A speech-shape noise (SSN) was created for each of the two talkers independently. To do so, a 10-s white noise was shaped in matlab with a 1000-order FIR2 filter with the response characteristics of a 65 000-point, Hanning-windowed fast Fourier transform of the concatenated phrases from each individual talker. Prior to mixing with noise, all phrases were equated based on root-mean-square (rms) and a minimum of 100 ms of silence was added to the beginning and end of each phrase. The noise file was then looped to match the approximate length of the concatenated speech file, and the speech and noise files were mixed at the desired SNRs. The 48 k, 16-bit test stimuli were processed to create 13 testing conditions. Conditions were subdivided into two blocks: broadband and bandpass filtered (see Table II for summary of conditions). There were seven broadband conditions: both dysarthric and control speech mixed with SSN at 0, +3, and +6 dB SNR, as well as dysarthric speech in quiet. For the filtered conditions, the speech stimuli were bandpass filtered from 500 to 2500 Hz (500 order, FIR1 filter in matlab). There were six filtered conditions: both dysarthric and control speech in quiet, and mixed with SSN at +6 and +9 dB SNR. The SNRs and filter bandwidth were chosen based on pilot testing to ensure intelligibility was not at ceiling or floor for any condition.
TABLE II.
Details of testing conditions. Listener participants were randomly assigned to one of 13 conditions (n = 20).

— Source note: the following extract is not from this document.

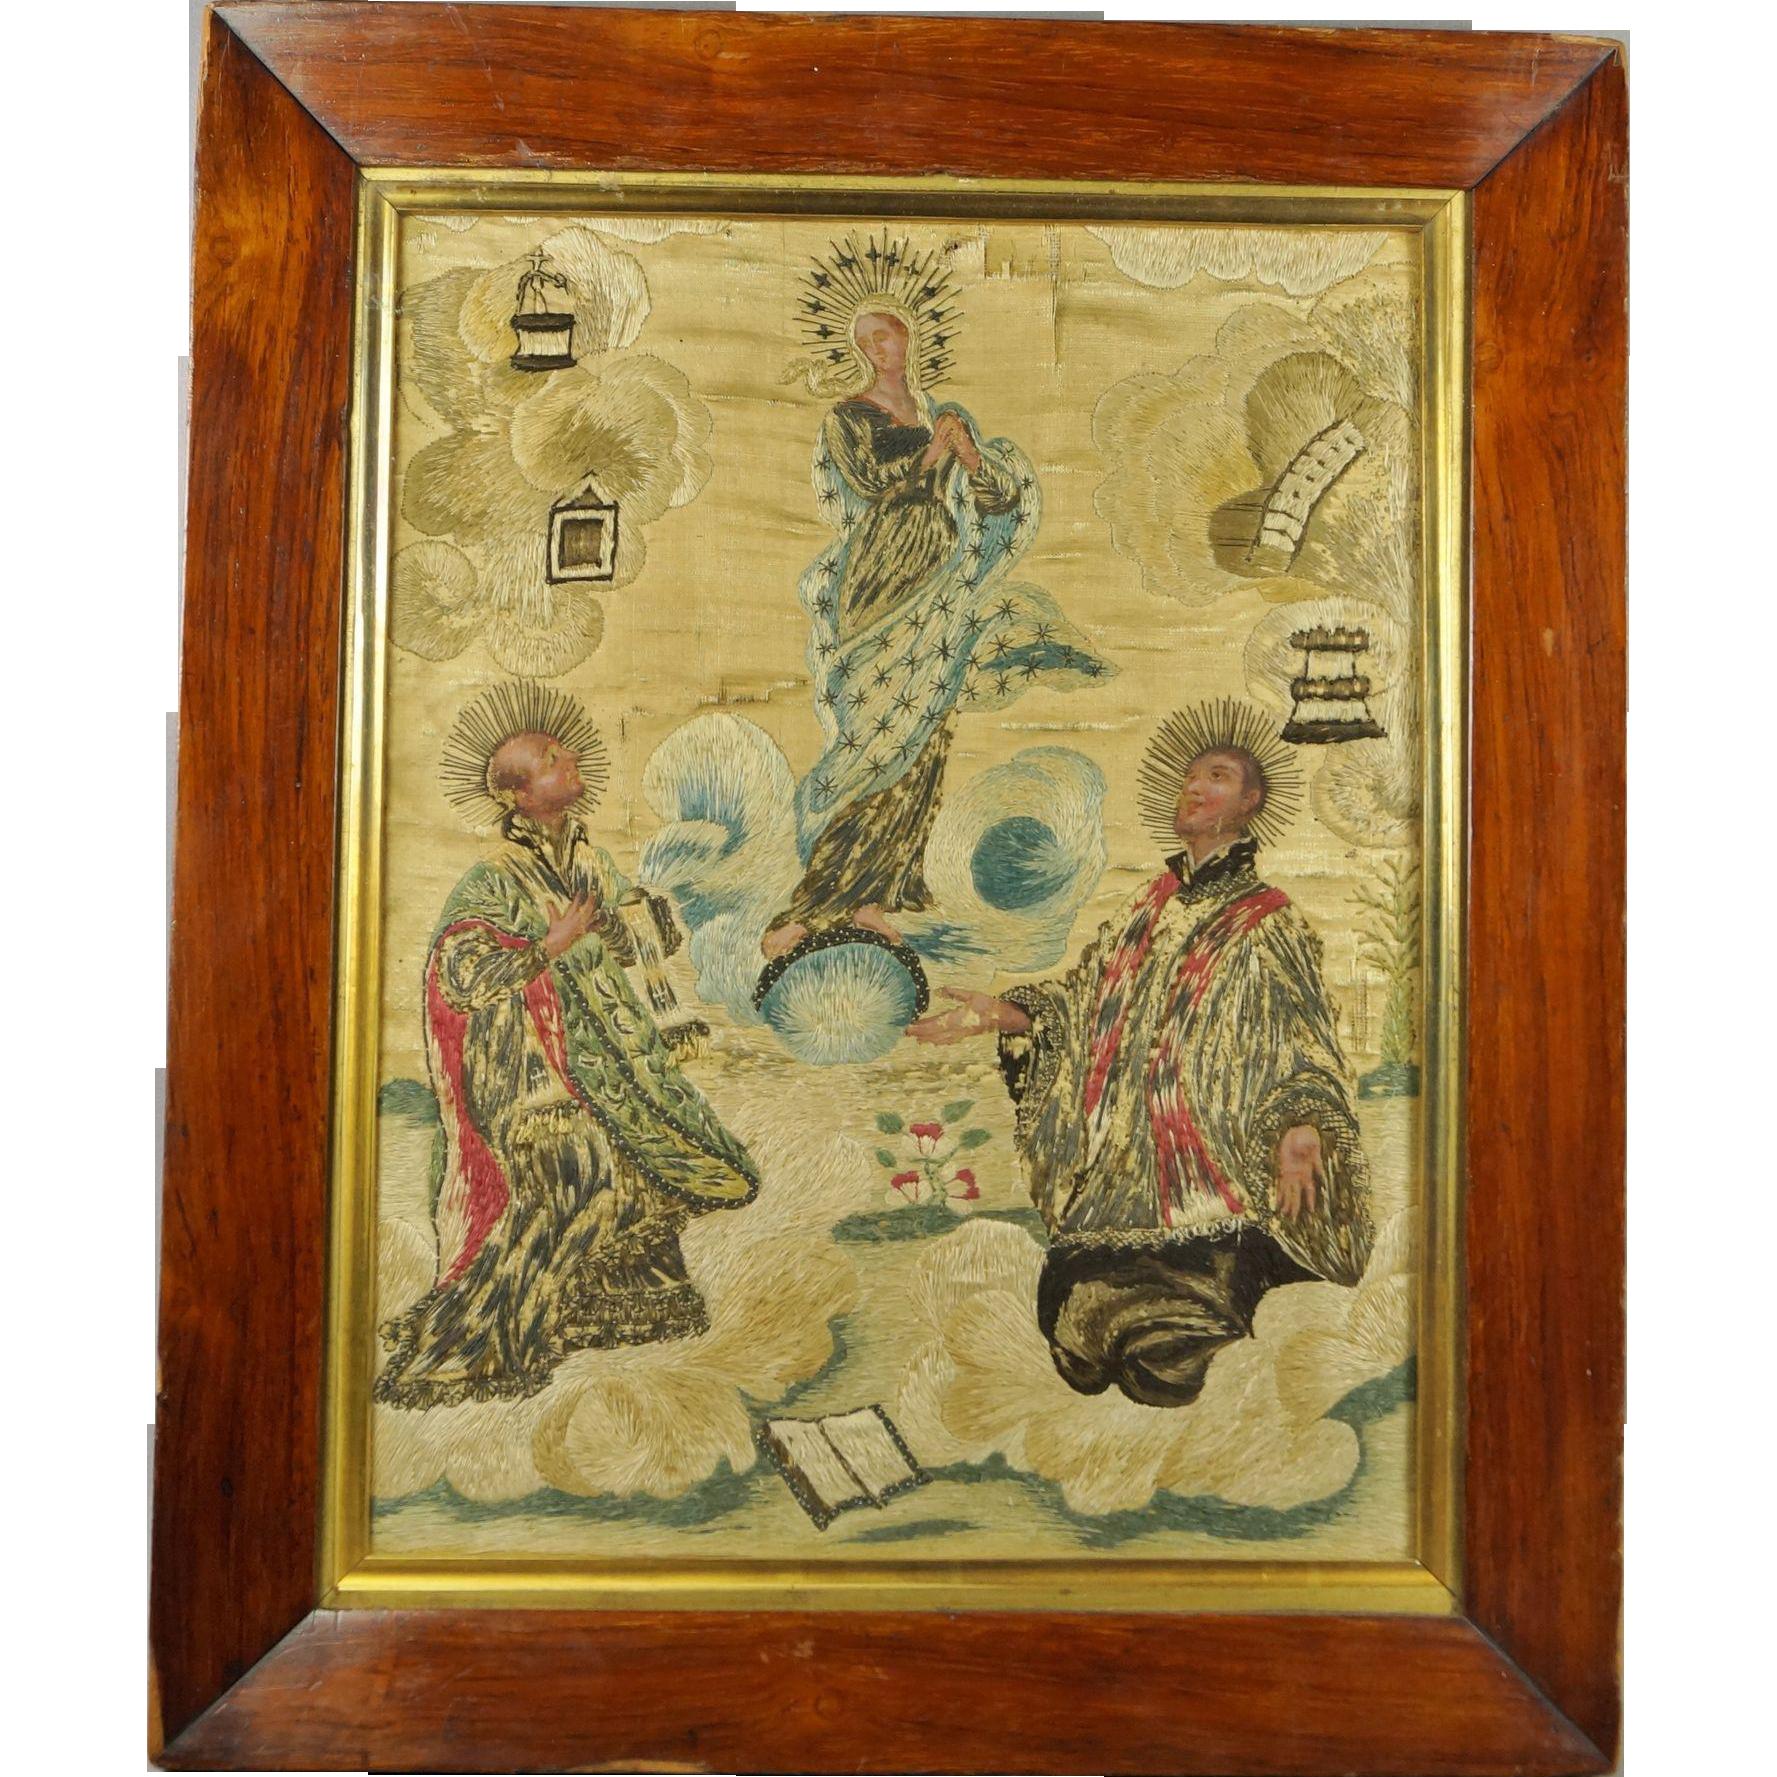 Antique 18th Century Silkwork Needlework Embroidery St Ignatius Loyola The Assumption of The Virgin Circa 1740

| Control Speech | Dysarthric Speech |
|---|---|
| Broadband | |
| Quiet | |
| + 6 dB SNR | + 6 dB SNR |
| +3 dB SNR | +3 dB SNR |
| 0 dB SNR | 0 dB SNR |
| Filtered | |
| Quiet | Quiet |
| +9 dB SNR | +9 dB SNR |
| +6 dB SNR | +6 dB SNR |
C. Procedure
A brief description of the study task (including required use of headphones and completing the experiment in a quiet room with no distractions), time commitment, and remuneration ($3 + $2 bonus2) was posted on MTurk. Interested individuals were directed to a web page, loaded with a listener-perception application hosted on a secure university-based web server. Before beginning the study, individuals were required to read through the IRB approved consent form. By clicking “Agree,” individuals indicated that they had read and understood the information provided in the consent from and voluntarily agreed to participate. Participants were then required to complete a brief questionnaire regarding demographic information and questions related to inclusion/exclusion criteria. Upon completion of the questionnaire, listener participants were randomly assigned to one of 13 testing conditions (n = 20) before advancing to the experimental portion of the study.
Listener participants were told that they would be presented with 80 phrases that would be difficult to understand, either because the phrases would be produced by a person with a speech disorder and/or lots of background noise. They were also told that phrases contained real English words but would not make sense. Phrases were presented one at a time, and following each presentation, listeners were instructed to use the keyboard to type out exactly what they thought was being said. Listeners were strongly encouraged to make a guess at any words they did not recognize. Once they had finished typing their response, listeners were instructed to press the return key to move on to the next phrase. The self-paced experimental procedure took approximately 30 min to complete.
D. Transcript analysis
The total data set consisted of 260 listener transcripts, each containing 80 speech phrases. Transcripts were analyzed for correct words using previously established scoring criteria for the semantically anomalous phrases (Liss et al., 1998; Borrie et al., 2012) and an in-house computer program. The program automatically scored words as correct if they matched the intended target exactly or differed only by tense (-ed) or plurality (-s). Homophones and obvious spelling errors were also scored as correct. A percentage words correct (PWC) score was tabulated for each listener to reflect intelligibility performance. Twenty percent of the transcripts were randomly selected and reanalyzed by a human to examine reliability for coding words correct. Discrepancies between the computer and human revealed high agreement with Pearson correlation r score above 0.99.
III. RESULTS
Intelligibility scores, expressed as PWC, are shown for each broadband and filtered speech condition in Fig. 1 (top and bottom panels, respectively). As illustrated in the figure, intelligibility scores for both control and dysarthric speech decreased as a function of SNR. In addition, PWC scores for dysarthric speech were lower than for control speech. However, of important note is that the magnitude of decrease was comparable for dysarthric and control speech, indicating a lack of a multiplicative effect due to disordered speech. This was true for both broadband and filtered speech functions. These observations were confirmed with statistical analysis.
FIG. 1.
(Color online) Average intelligibility, as measured by percent words correct, as a function of SNR for the broadband and filtered speech conditions (top and bottom panels, respectively; n = 20). Red triangles represent control speech and blue circles represent dysarthric speech. Error bars delineate +/−1 standard error of the mean.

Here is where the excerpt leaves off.